Il mercato dell’usato vale 18 miliardi di euro. Ecco come guadagnare

Il mercato dell’usato vale 18 miliardi di euro. Ecco come guadagnare

4 Aprile 2019 0 Di admin

Sempre più italiani vendono e acquistano oggetti di seconda mano: il 44% lo ha fatto per un volume di affari di 18 miliardi di euro (dati ricerca Doxa in collaborazione con Subito.it).

Il fenomeno dell’usato è in continua crescita: è alla moda (il genere vintage è un evergreen), è sostenibile per l’ambiente. E soprattutto fa risparmiare.

Come vendere? Si può iniziare con i mercatini dell’usato. Ce ne sono in tutta Italia. Per scoprire quali sono e a chi rivolgersi, ci sono siti che offrono molte info sull’argomento: Mercatini d’ItaliaMercatino usato Mercatopoli sono alcuni dei più affidabili: trovi news sui mercatini, dove si svolgono e come farne parte.
Ma non solo. Se vuoi vendere senza muoverti da casa, trovi online siti dove puoi farlo. Il più celebre è eBay: fai un’asta, fissi un prezzo e aspetti l’offerta dell’acquirente. L’inserzione è gratuita: resta su Internet da tre a trenta giorni. Il sito trattiene una commissione del 9%. Subito.it mette solo in contatto le persone che vendono e comprano, ma le transazioni non vengono fatte online ma di persona tra compratore e acquirente. Qui qualche consiglio del sito su come inserire un annuncio (http://www.subito.it/info/regole.htm).

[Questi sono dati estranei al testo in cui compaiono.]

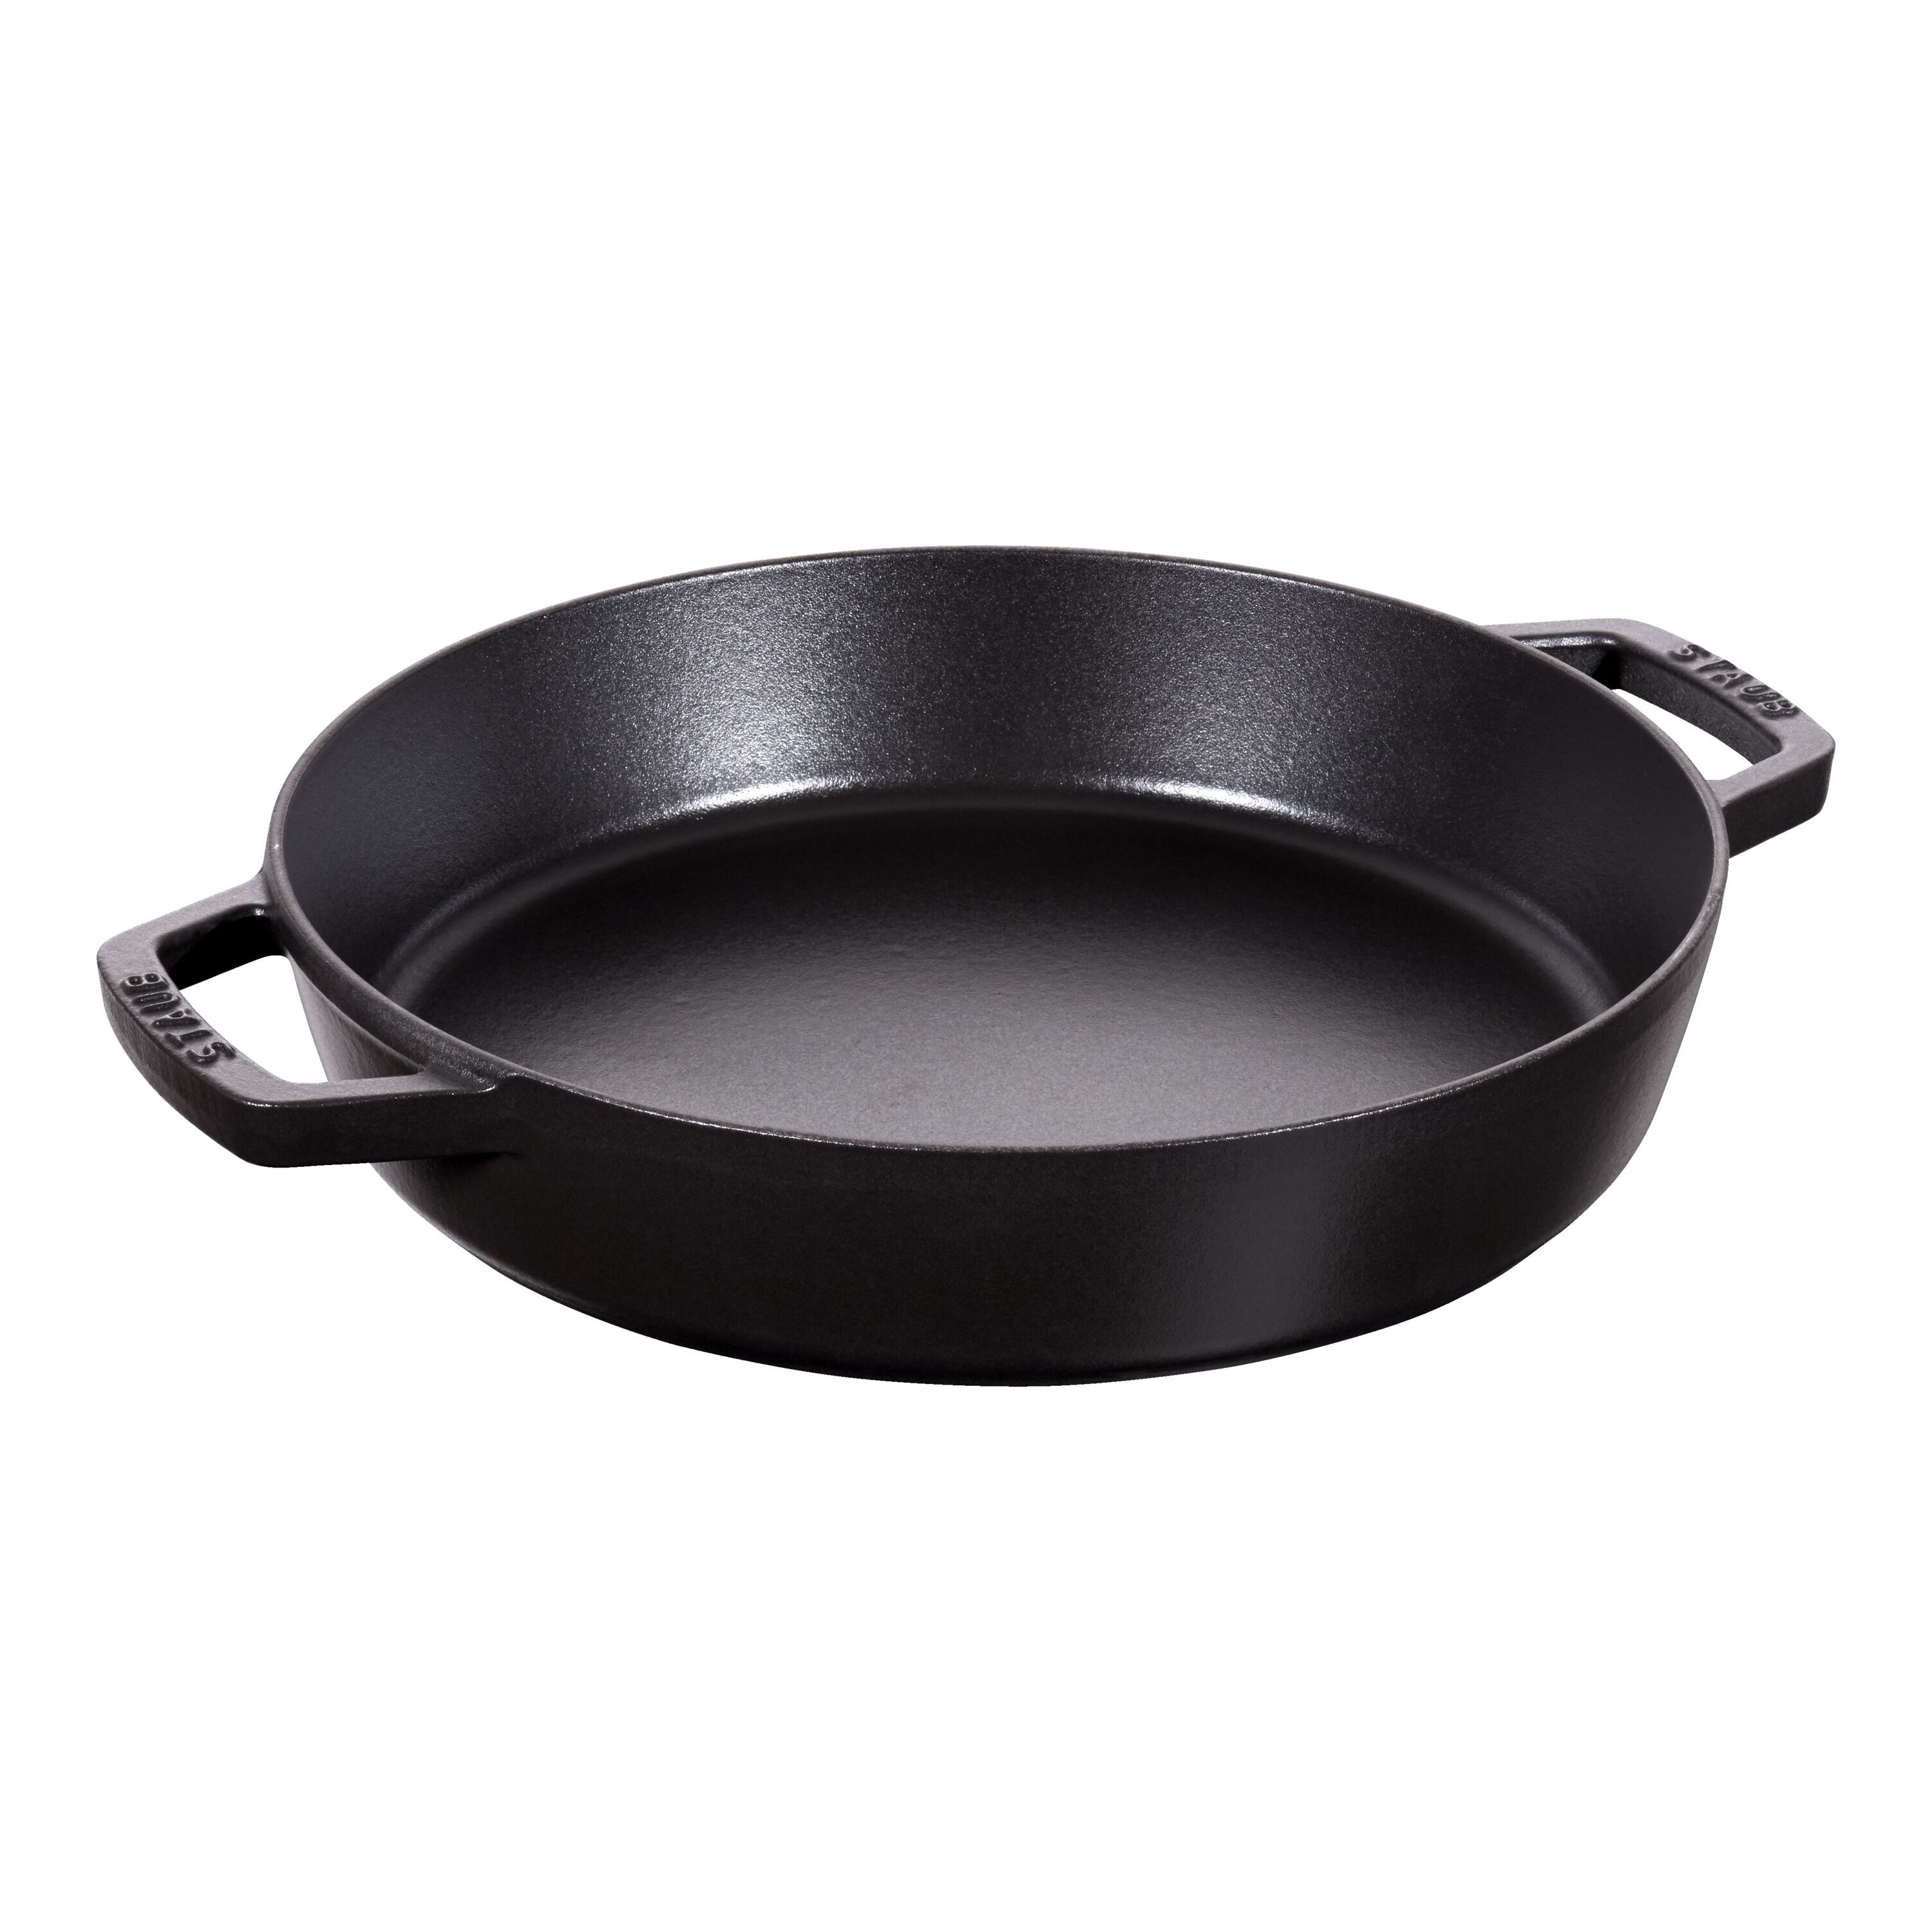 Pros and Cons of Cast Iron Pans - Evergreen Kitchen
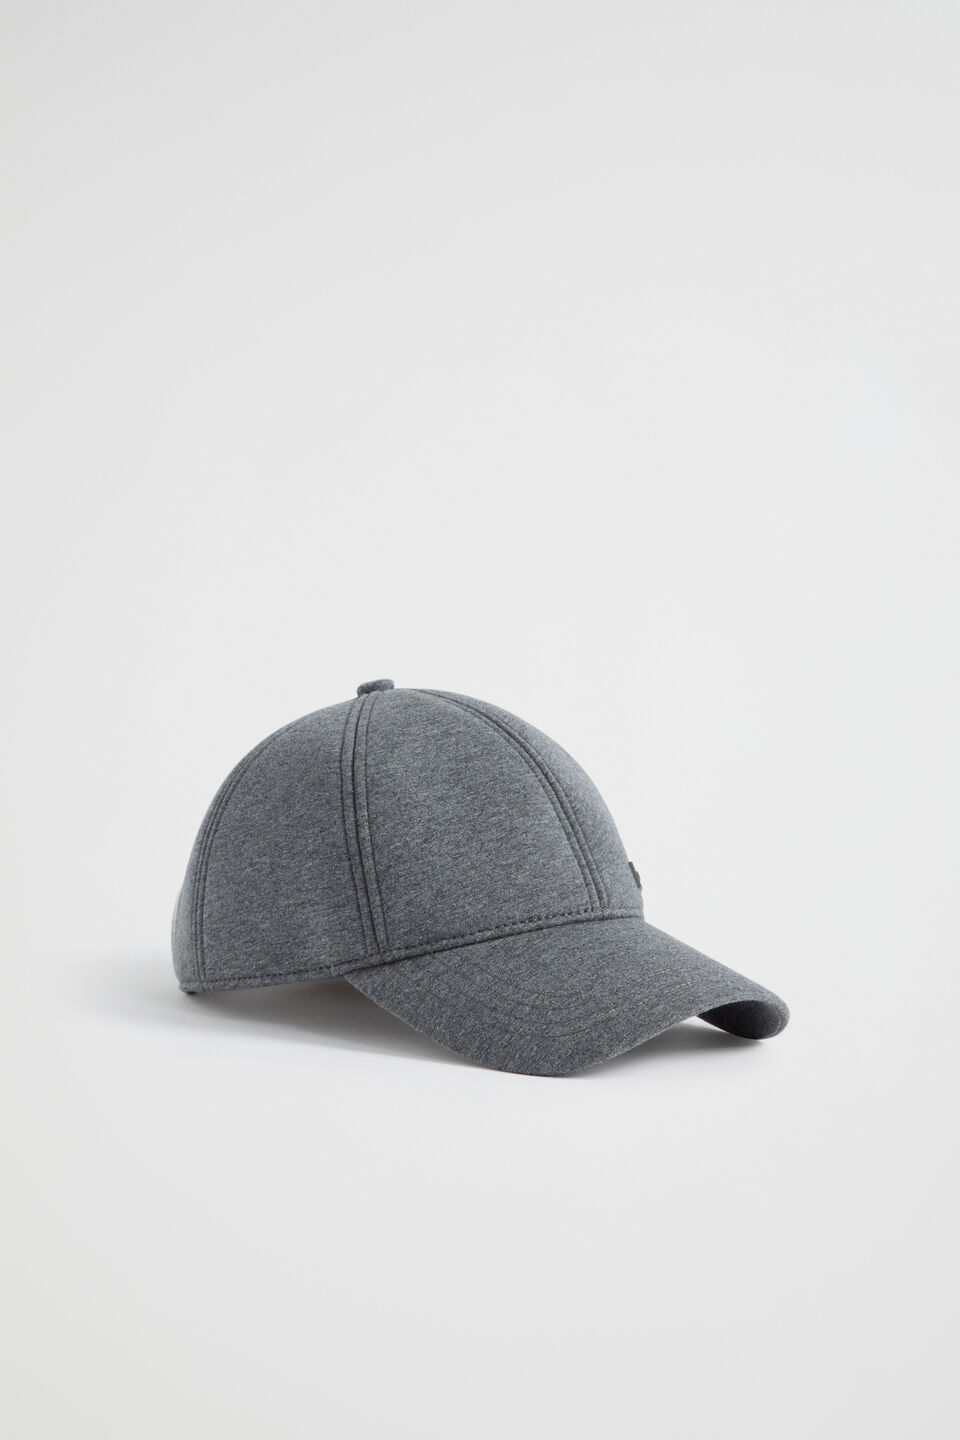 Seed Jersey Cap  Wolf Marle

Cosa vendere? Sono tre le categorie che vanno per la maggiore:

1. Elettronica. Tanti i giovani appassionati di tecnologia che cercano sul Web prodotti a un costo inferiore a quello dei negozi tradizionali. Ma cresce il numero di persone che acquistano per realizzare nuovi oggetti da materiali di scarto.
2. Arredamento e oggetti per la casa. Mercato rivolto soprattutto alle donne che vogliono risparmiare, nostalgiche degli oggetti di una volta, con una sensibilità verso i temi della sostenibilità.
3. Abbigliamento. Ancora donne protagoniste, che non rinunciano a un vestito di marca a un prezzo stracciato, ma anche ad accessori (borse, gioielli).

Quale la burocrazia? Secondo il quadro normativo vigente si possono vendere oggetti personali (acquistati cioè per utilizzo personale o familiare) senza adempiere ad alcuna formalità, sia online che offline. Se però i beni venduti non sono personali, si entra in un’attività economica che può essere esercitata in via occasionale o continuativa. E chi la esercita dovrà dichiarare i redditi che percepisce. Se l’attività è svolta in via occasionali, basta emettere una ricevuta e si può fare senza avere partita Iva. In caso contrario, i guadagni sono da considerare come reddito d’impresa e quindi è necessaria aprirne una.